Regarding photoelectric switches, an improvement in switch life, speed and reliability has been made in comparison with conventional contacting switches. However, the photoelectric switches are complicated in construction and their cost are considerably high.
Reference is made to conventional magnetic non-contacting switches employing magneto-electro converter, such as molded Hall integrated circuit (Hall IC). The Hall IC includes a silicon Hall cell, amplifier, trigger and output stage integrated with its own voltage regulator onto a monolithic silicon chip. The switch assembly comprises the Hall IC chip, and a magnet oppositely disposed to the Hall IC chip. Switching action is dependent on the proximity of an external magnet whose magnetic flux passes perpendicularly through the Hall cell on the chip face. As the external magnet is moved towards the Hall cell, the cell produces an analogue voltage proportional to the magnetic field intensity.

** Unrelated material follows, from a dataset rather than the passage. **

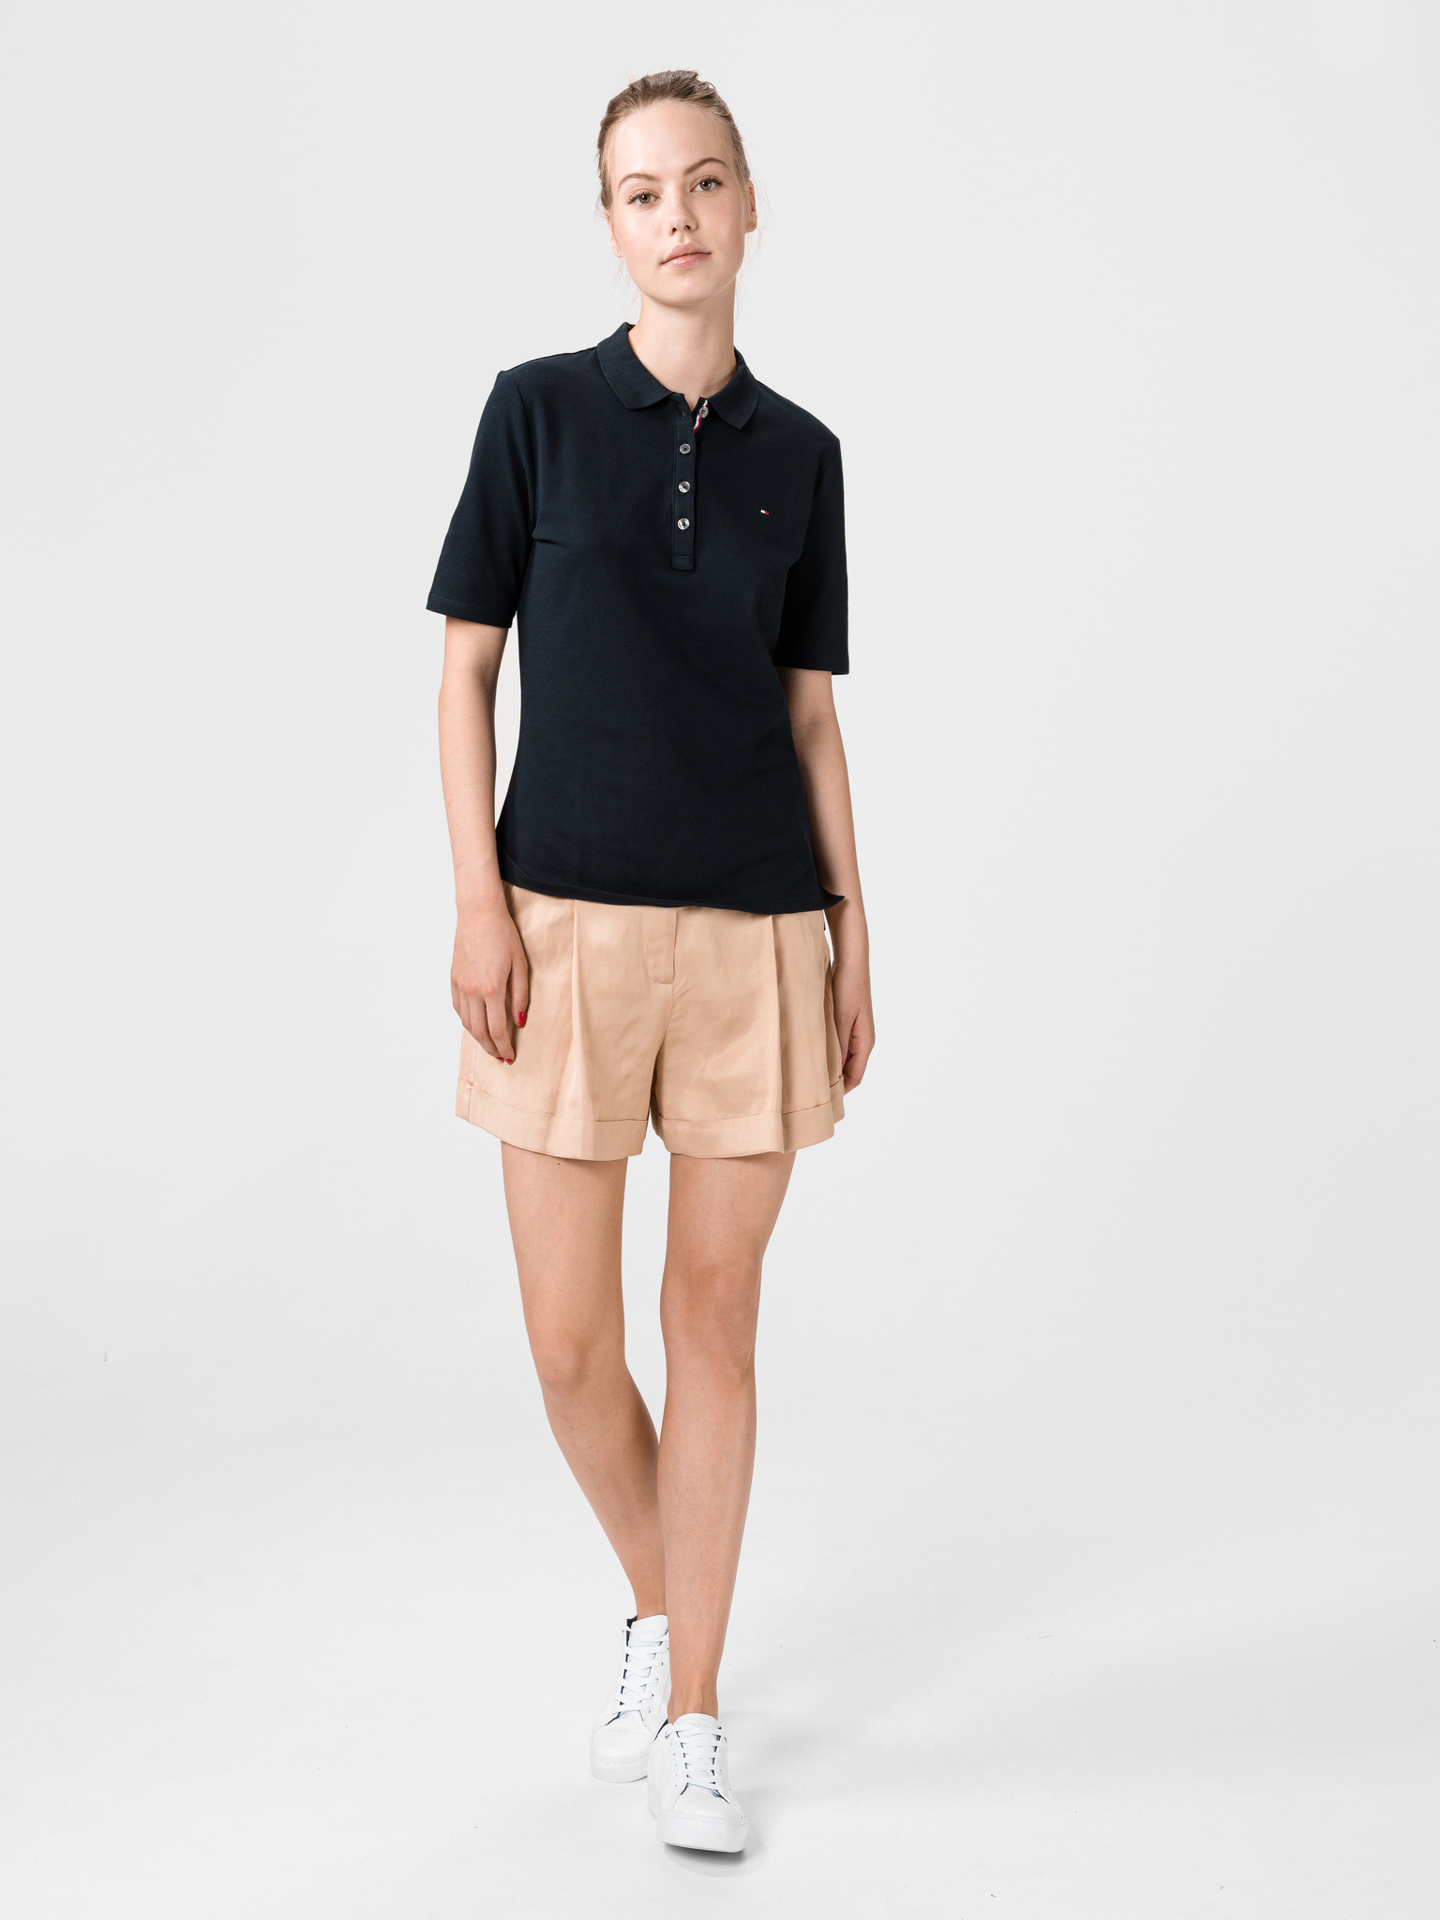 Tommy Hilfiger blu da donna maglietta Essential Polo

Although the application of the `HALL EFFECT` switches stated above to various kinds of devices results in favorable high performance switching characteristics, some drawbacks mainly caused by moving the magnet with respect to the Hall IC chip are pointed out as follows:
First is that, with the moving magnet, it is difficult to form an uniform magnetic field because of the fact that magnetic flux density depends on a distance between the external magnet and the Hall IC. For this reason, high reliability in switching action cannot be obtained. Moreover, strict conditions on performance of the magnet is required since undesirable influences in forming the magnetic field are apt to occur, provided the magnet lacks in homogeneousness with respect to quality.
Second is that it is difficult to determined positioning or matching of the magnet and the Hall IC because of the fact that it is necessary to take into account the time during which the magnet passes over the Hall IC, the traveling speed of the moving magnet, and other parameters.
Third is that it is difficult to reduce the size of the magnet because of the fact that it is necessary to make an allowance for a displacement from the predetermined position due to the inertia force of the moving member. Fourth is that it is difficult to fabricate the magnet which is satisfactory to the above requirements.